Algunos β-glucanos naturales se han extraído, e incluso se han utilizado como fármacos en oriente. Estos incluyen el Polisacárido Péptido japonés (PSP) y el Krestin chino (PSK) obtenido del Trametes versicolor o Coriolus versicolor (Cola de Pavo) utilizado en inyectable para apoyar la cirugía, la quimioterapia y radioterapia en pacientes con cáncer, también el Lentinan del Lentinus edodes (Shiitake) que se inyectó directamente por vía intrapleural e intraperitoneal con importantes resultados y el Schizophyllan obtenido de Schizophyllum commune también utilizado en inyectable.

La estructura terciaria de la macromolécula depende de su origen, de la distinta distribución y la longitud de las cadenas laterales, así como del tipo de extracción realizada. Las ramas pueden crear estructuras terciarias complejas debido a la formación de enlaces de hidrógeno entre cadenas (1).

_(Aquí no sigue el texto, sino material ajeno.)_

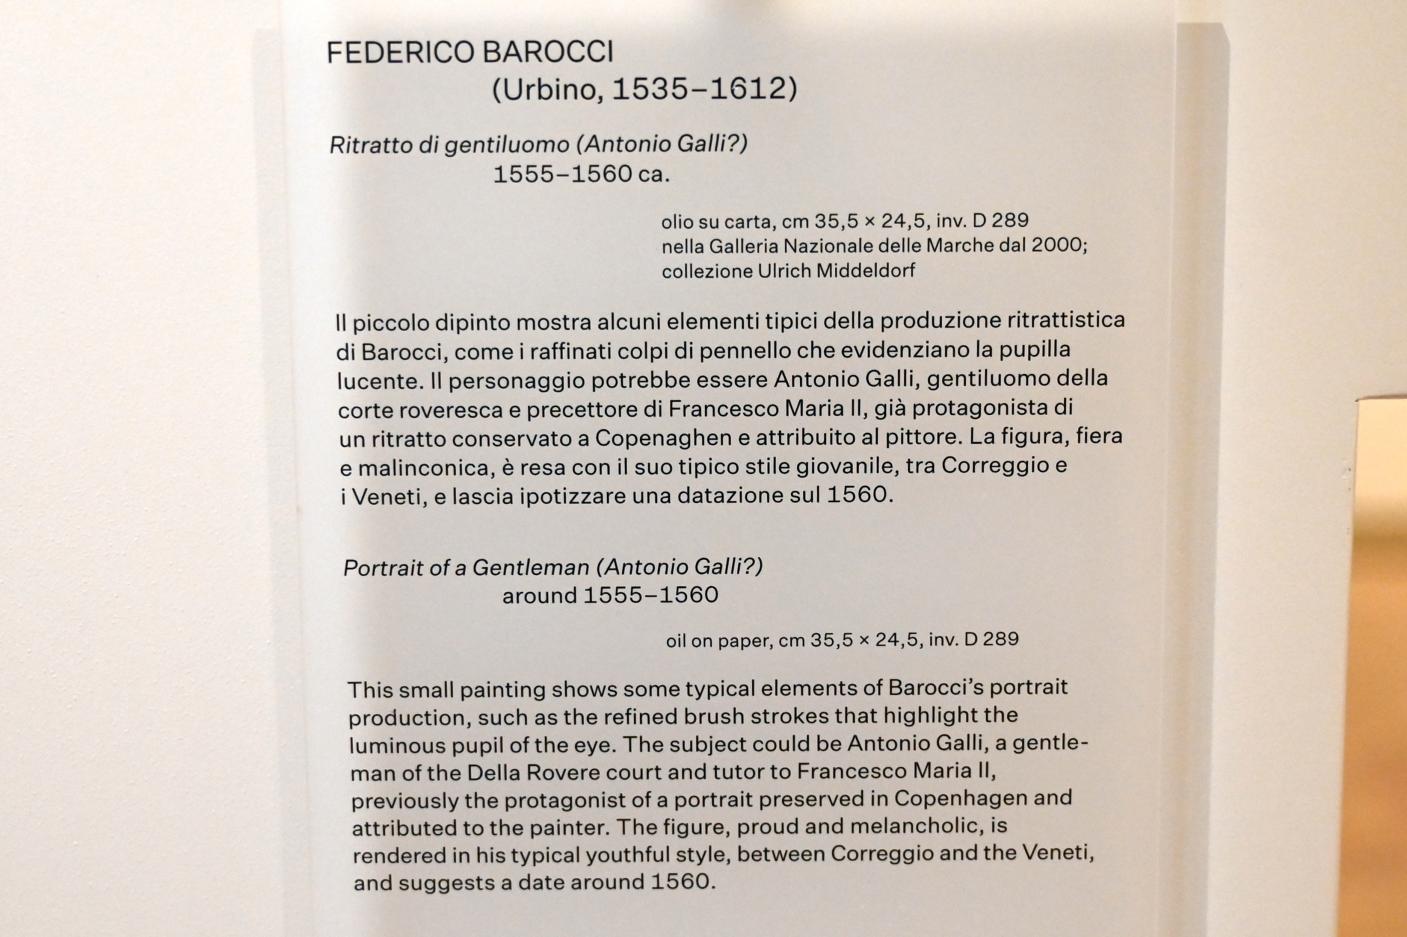 Federico Barocci (1557–1612), Porträt eines Herrn (Antonio Galli?), Urbino, Galleria Nazionale delle Marche, Obergeschoß Saal 11, um 1555–1560, Bild 2/2

Parámetros como la estructura primaria, la solubilidad, el grado de ramificación, peso molecular, carga y su conformación asumidos en un medio acuoso influyen la actividad biológica de los β-glucanos (2).

Los β-glucanos pueden adoptar 3 conformaciones diferentes en un ambiente acuoso: una triple hélice, una sola hélice o una "espiral aleatoria" que es una estructura envuelta de forma aleatoria.

Los β-glucanos de los hongos medicinales tienen estructuras con una alta diversidad estructural en comparación con las levaduras y son inmunológicamente superiores; se caracterizan por un esqueleto de base Beta 1;3 y de cadenas laterales unidas con enlaces Beta 1;6. La característica estructural que los hace tan poderosos en comparación con los de los cereales y las levaduras, es la creación de una conformación de triple hélice determinada por los enlaces de hidrógeno que se establecen entre la cadena central y las ramificaciones.

β-glucanos

Captura de pantalla 2021 03 18 a las 11.23.28
Figura: izquierda, estructura ramificada de los β-glucanos β (1 → 3), β (1 → 6) que permite que la molécula adopte una configuración de triple hélice (derecha)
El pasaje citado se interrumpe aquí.